* _SUPPLIED MATERIAL_:
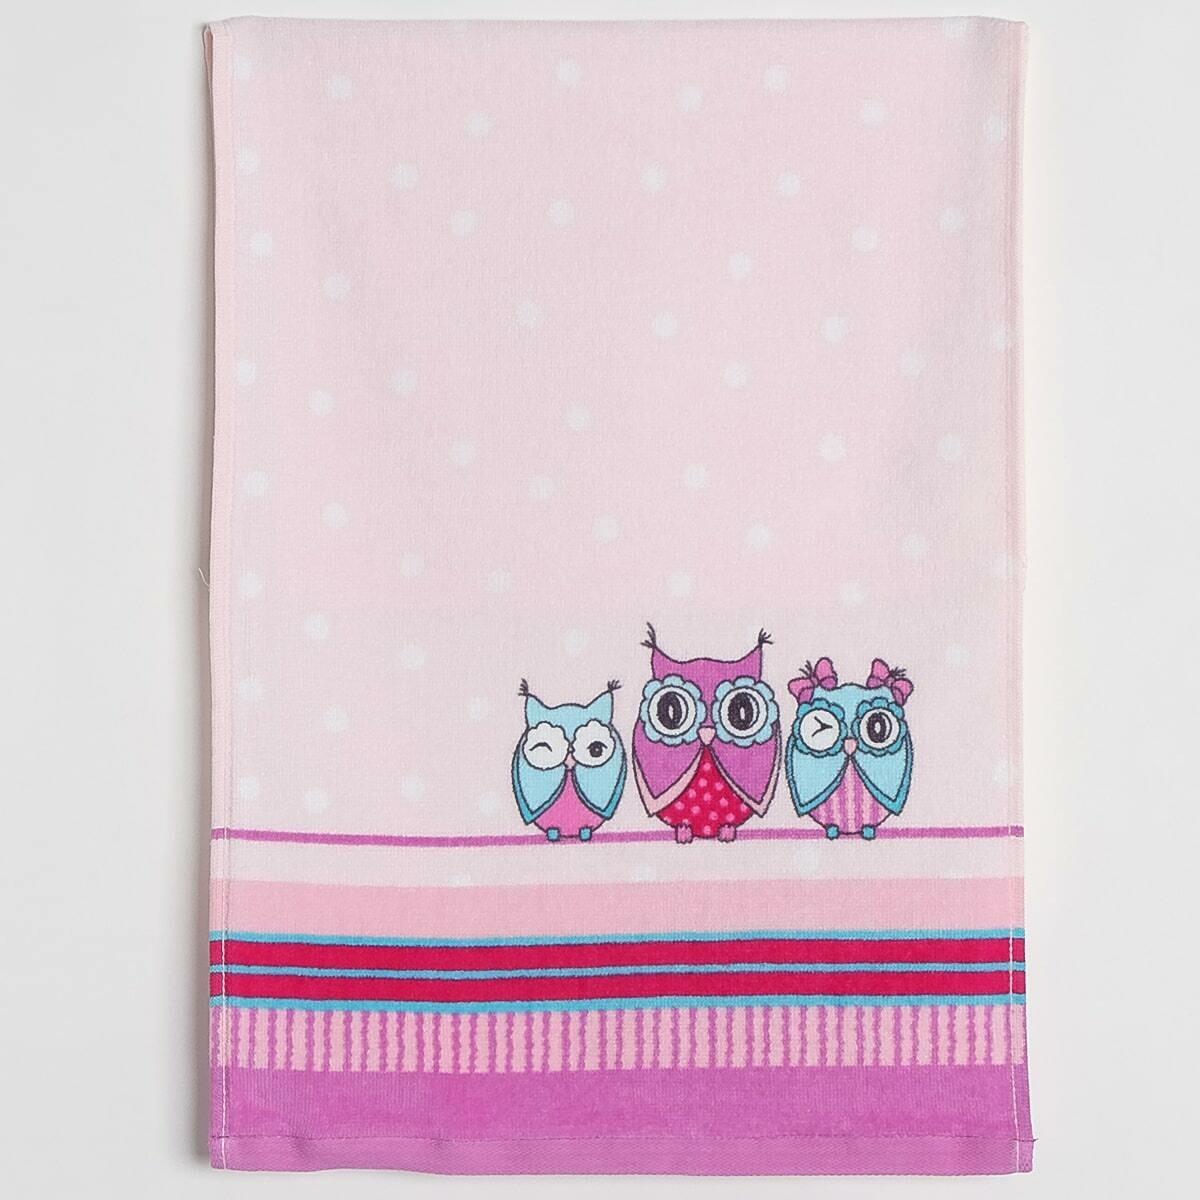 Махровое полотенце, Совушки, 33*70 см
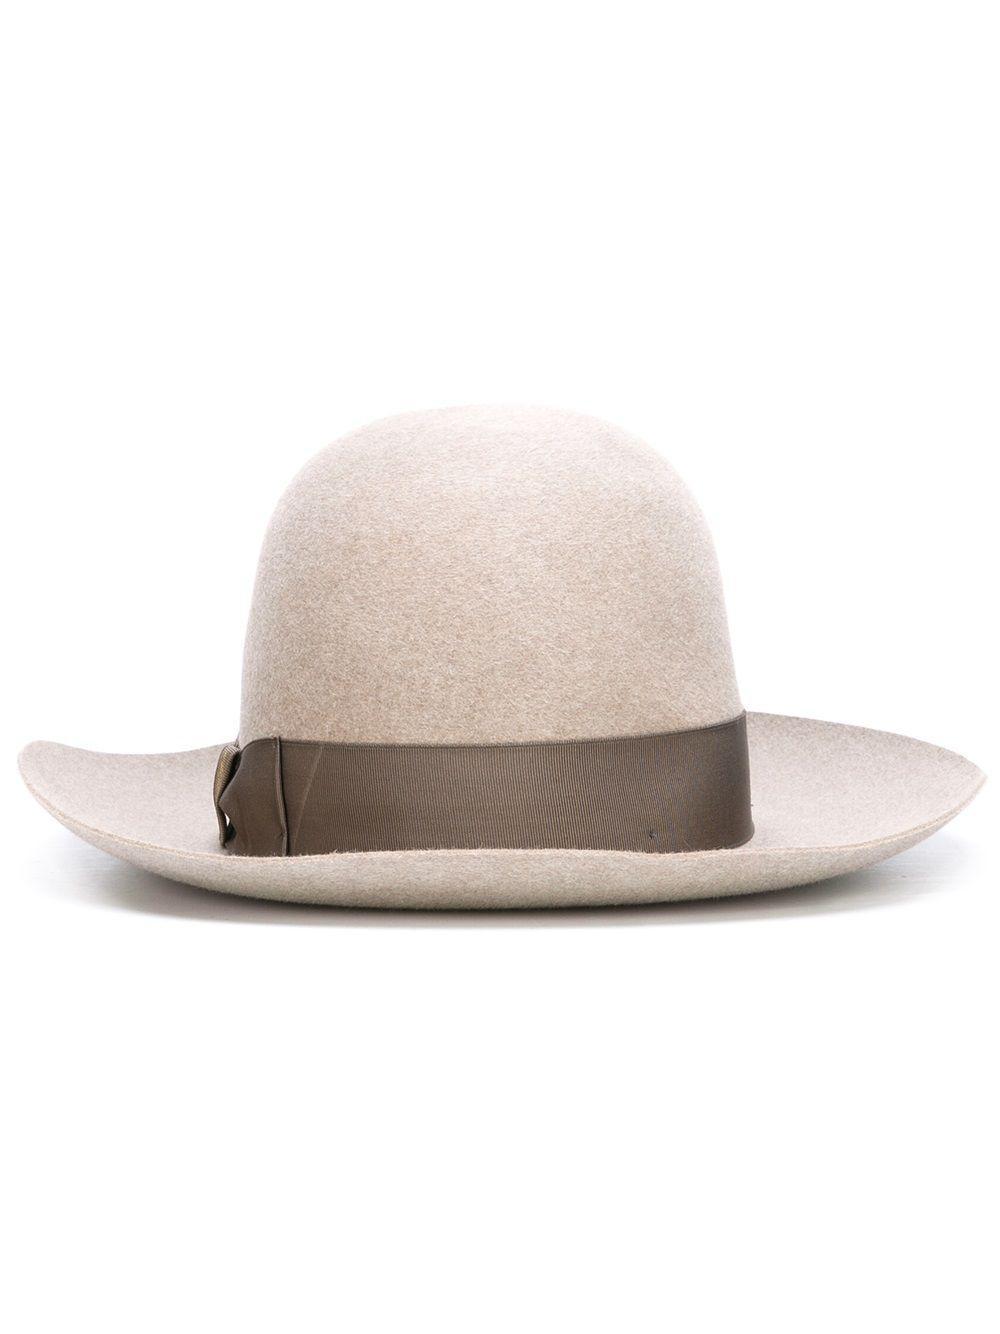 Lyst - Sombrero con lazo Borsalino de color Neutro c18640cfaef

...

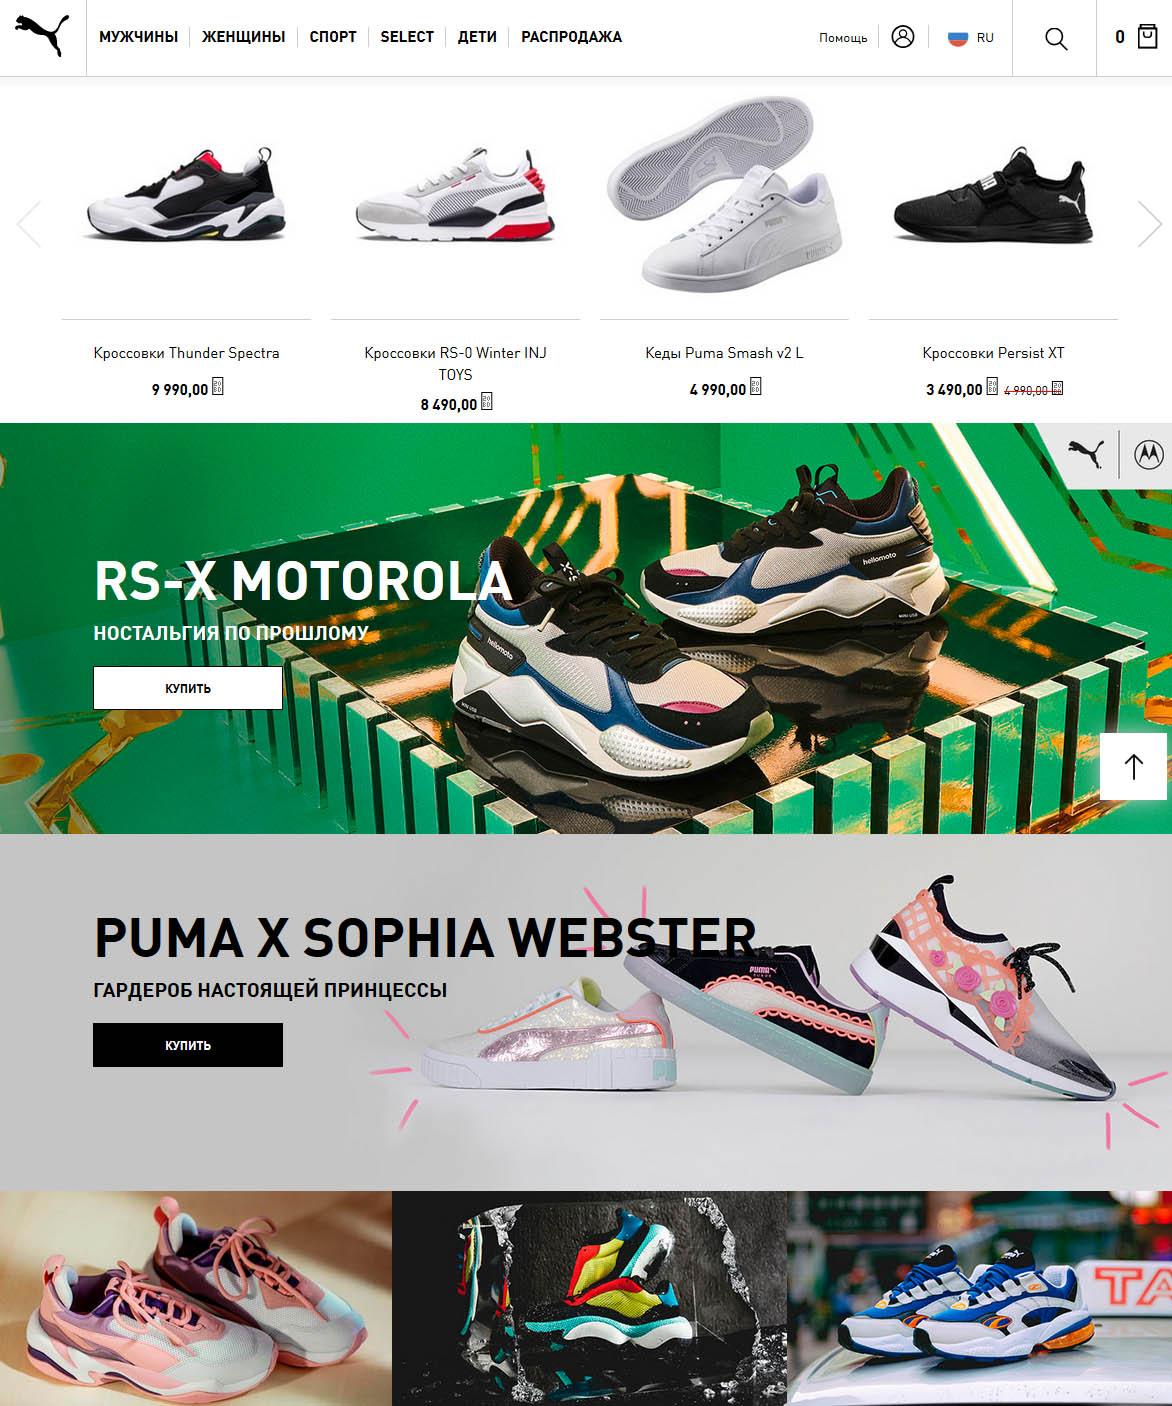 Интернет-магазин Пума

* _ASSIGNED TASK_: Please return the data above exactly as it stands from the line with "Махровое полотенце, Совушки, 33*70 см" to the line with "Lyst - Sombrero", keeping both of those lines but none of the pictures.

* _OUTPUT BELOW_:
 Махровое полотенце, Совушки, 33*70 см
 Lyst - Sombrero con lazo Borsalino de color Neutro c18640cfaef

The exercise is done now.